Esta lenda, obviamente, tem um forte apelo cristão, com a idéia do diabo X crucifixo e,com certeza, faz referência a adaptações. Existem divergências de idéias entre os historiadores quanto à origem do costume das abóboras: uns atribuem aos Irlandeses e outros aos escoceses. Ao que parece, estas lanternas eram feitas como forma de proteção, a fim de afastar maus espíritos que poderiam se aproximar neste período. Além disto, a princípio, seriam feitas de nabos, passando a abóboras quando o costume chegou na América, onde haviam muitas abóboras.
obs: ainda bem que viraram abóboras, pois estes nabos, realmente dão medo... 
(nabo decorado para o tradicional Halloween irlandês do ínício do século XX, exibido no Museu da Vida Rural na Irlanda)
Samhain
31 de outubro no hemisfério Norte - 1º de maio no hemisfério Sul
O Samhaim (pronunica-se sou-in ou sou-ein), é uma das principais celebrações dos antigos Celtas, senão a mais importante. Este período em especial durava de 31 de Outubro e 02 de Novembro e marcava um período onde, com a chegada da escuridão, como era visto por eles (fim do verão e início do período frio)¹, comemorava-se o fim de um ano e início do próximo. Por estar relacionado ao período de escuridão e com a morte do Deus Sol (mais adiante falaremos sobre isto), acreditava-se (e a crença persiste até hoje) que a linha entre o mundo material e os outros mundos se torna mais tênue, assim como a comunicação entre as dimensões está mais favorável.

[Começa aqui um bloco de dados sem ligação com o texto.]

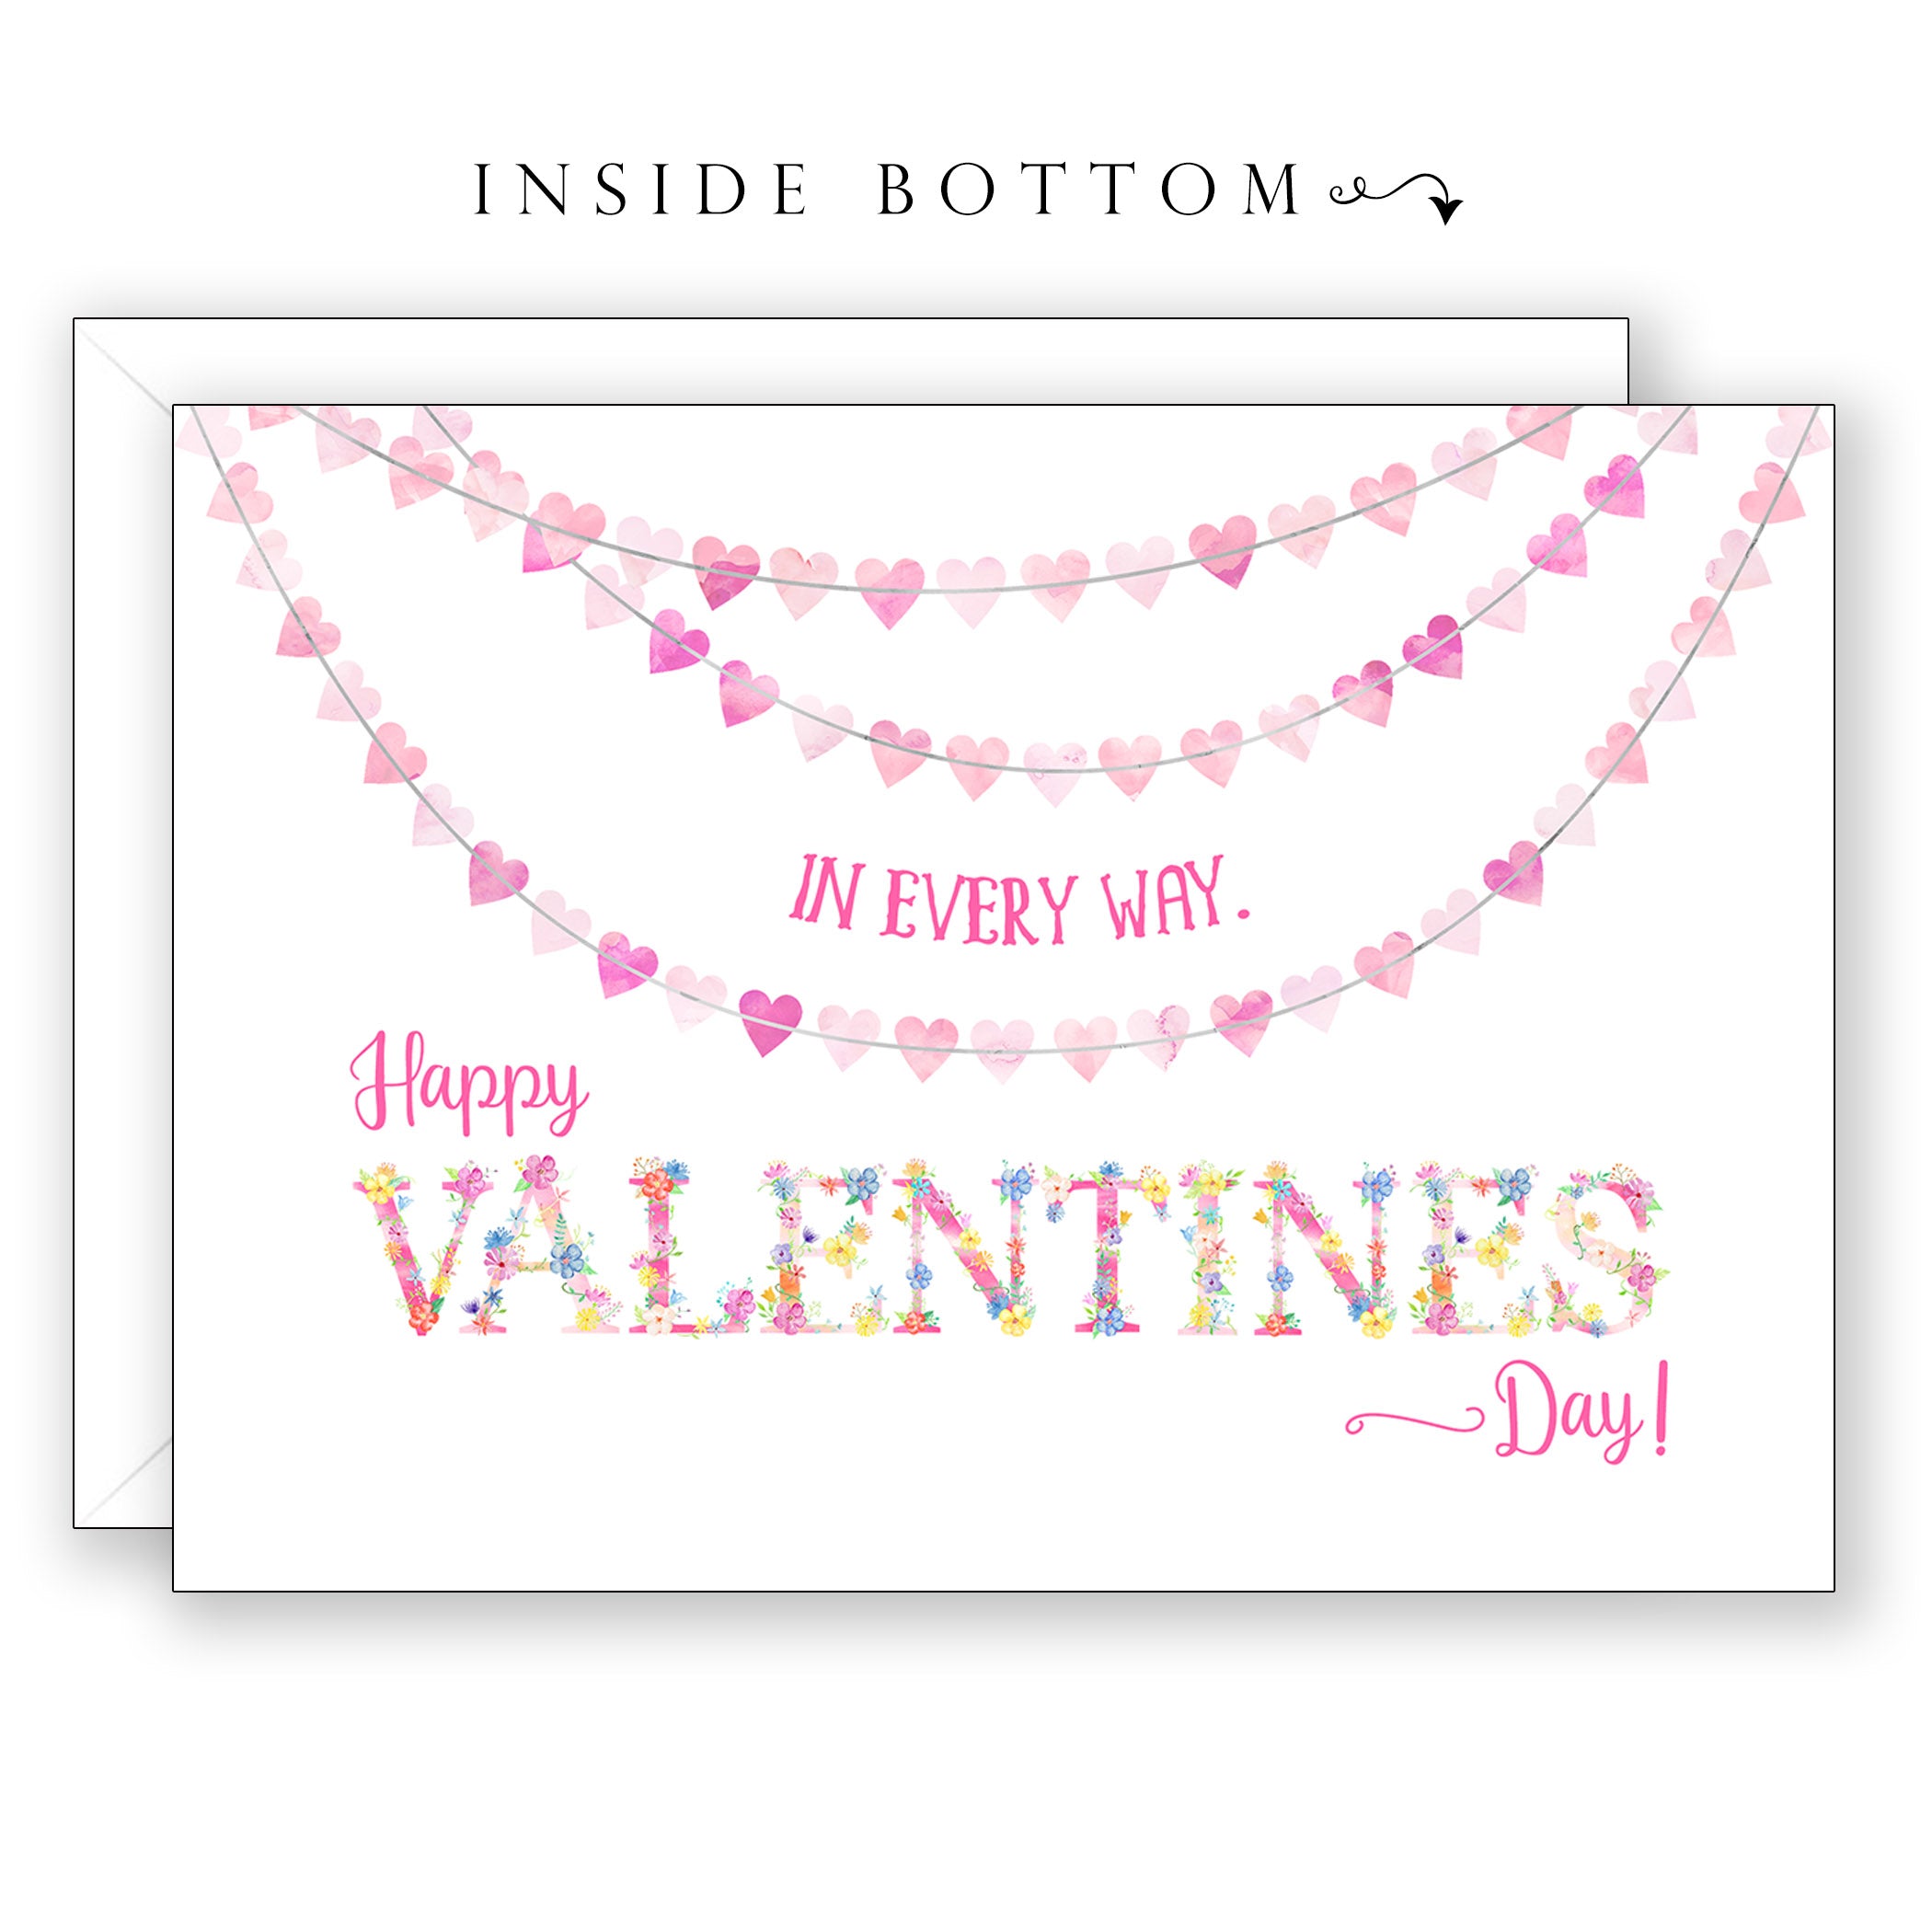 So Loved - Valentines Day Card

Para entendermos um pouquinho mais, precisamos entender o ciclo todo. Este ciclo se repete ano após ano, uma série de comemorações e momentos que representam o desenrolar da vida em si. Ele funciona com oito datas importantes em momentos cruciais. Inica-se em Samhain, com a reflexão sobre a morte. A morte aqui não é vista como um mau implacável, e sim como um novo começo. Transmutação e renovação: assim como a lagarta precisa morrer como lagarta para transformar-se em borboleta, não se trata de um fim, e sim de um recomeço. Portanto, é o momento de olhar para trás, refletir sobre tudo o que precisa de uma guinada em sua vida para iniciar uma nova fase, assim como desfazer-se de tudo o que já não serve mais, romper laços que tornaram-se um peso e mudar sua atitude diante tudo o que envolve sua vida neste momento.

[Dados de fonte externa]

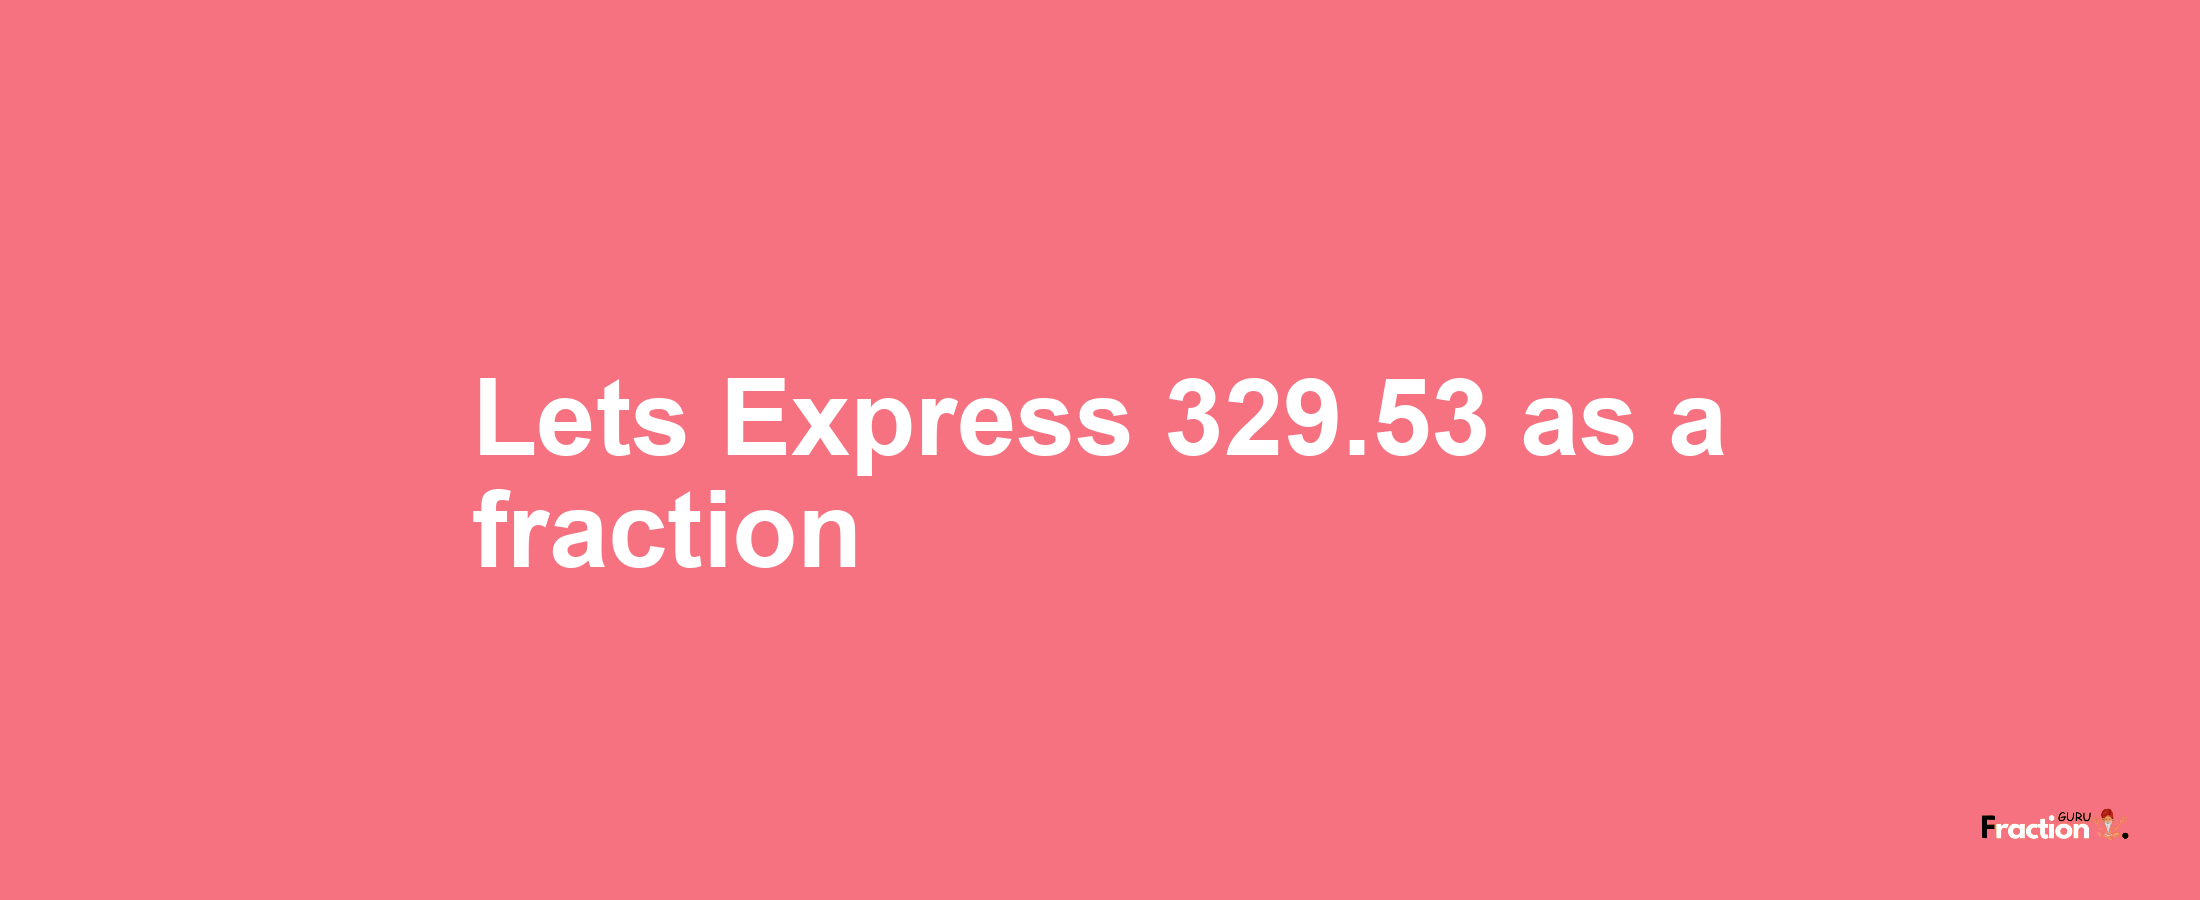 Lets Express 329.53 as afraction

Hora de renovação, enxergar seus erros e enfrentar seus medos. O ciclo recomeça e você precisa se renovar junto com ele. Por esta relação com a morte também, trazemos conosco a tradição voltada para os ancestrais: para os povos antigos, xamãs etc, os ancestrais são símbolos de sabedoria e força e não deveriam ser temidos, mas sim, reverenciados. Nesta época os líderes espirituais entravam em contato com eles para pedir auxílio e força para os momentos de dificuldade que estavam por vir com a probabilidade de um rigoroso inverno (para uma cultura que vivia sem as praticidades do mundo de hoje, isto poderia significar um tempo de muita fome). Deveriam também se proteger de “espíritos zombeteiros” (by bruxa do 71 - risos), que poderiam atravessar este véu mais tênue, e muitos deixavam algum tipo de oferenda para garantir que não seriam incomodados (muita gente, até hoje, deixa uma vela na janela para auxiliar as almas perdidas a encontrar a luz).

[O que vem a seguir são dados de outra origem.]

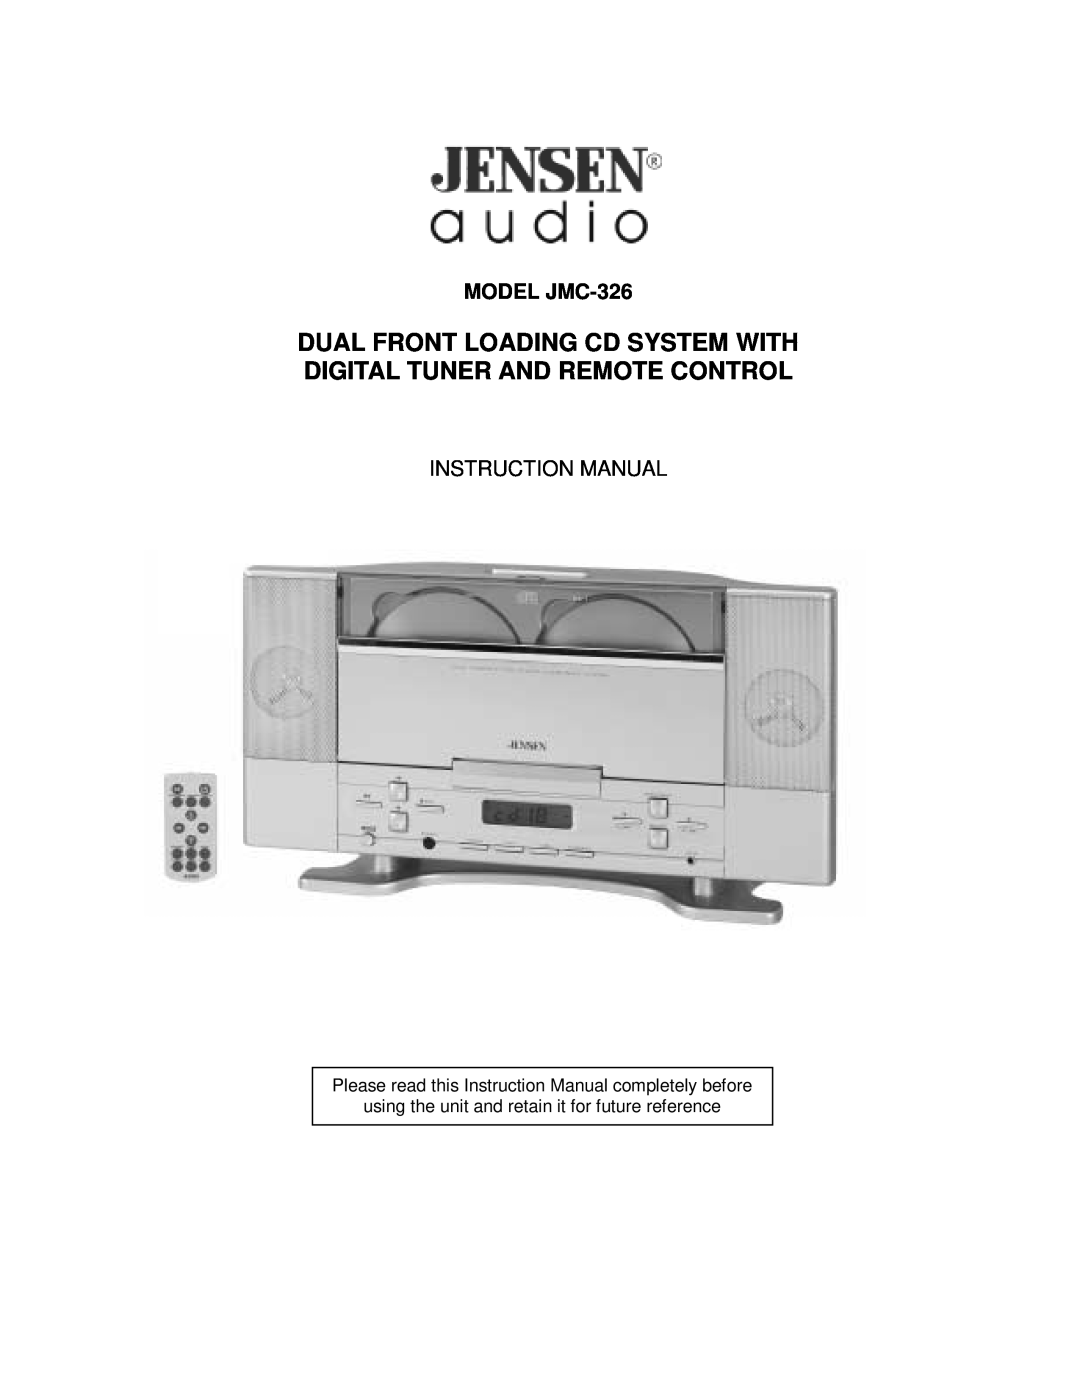 Jensen instruction manual MODEL JMC-326, using the unit and retain it for future reference

Para aqueles que trabalham com magia, entendemos que todos os outros seres estão mais próximos, espíritos, elementais, etc, enfim, basta respeitar todas as forças da natureza para que possamos viver em harmonia com elas, já que fazemos parte de um mesmo equilíbrio.
Outra coisa, as bruxas geralmente realizam um ritual neste período em honra aos ancestrais, carregado de muito amor e admiração, porém, não é do feitio dos pagãos, normalmente, ficar “mexendo” com aqueles que já se foram...
Bem, voltando ao ciclo, ele estará baseado, o tempo todo, na mudança das estações. Portanto, se em Samhain estaríamos no meio do Outono, em Yule temos o solstício de inverno; em Ymbolc, meio caminho entre o inverno e a primavera, em Ostara o equinócio de primavera. Em Beltane meio entre primavera e verão, em Litha solstício de verão. Em Lugh de verão a outono, em Mabon o equinócio de Outono. A base seria esta e cada momento vêm carregado de forte simbologia, crenças, tradições e costumes. Cada um destes Sabbaths (ou rituais solares, pois foram criados em cima do siclo do sol) está intimamente ligado com a sobrevivência em si, com a alimentação, com o ciclo da natureza e como ela nos proporciona seus diferentes grãos e tipos de alimento. Por este motivo estes povos eram chamados de povos do campo ou homens das colheitas, os famosos pagãos, que foram tão menosprezados com o passar do tempo.
Enfim, cada um destes rituais tem uma razão de ser, e seria impossível falar de todos eles neste momento, mas achei interessante, já que estamos justamente no começo do ciclo, dar uma pincelada sobre o assunto.
Em relação à religião. Estas datas também estão relacionadas a ela, assim como o próprio ciclo da natureza também está. Desta forma, trata-se de uma corrente politeísta, tendo como foco central, o equilíbrio dos oposto: o sagrado feminino e o sagrado masculino, um deus e uma deusa, pois não existe luz sem trevas e tudo o que existe no universo possui uma contraparte.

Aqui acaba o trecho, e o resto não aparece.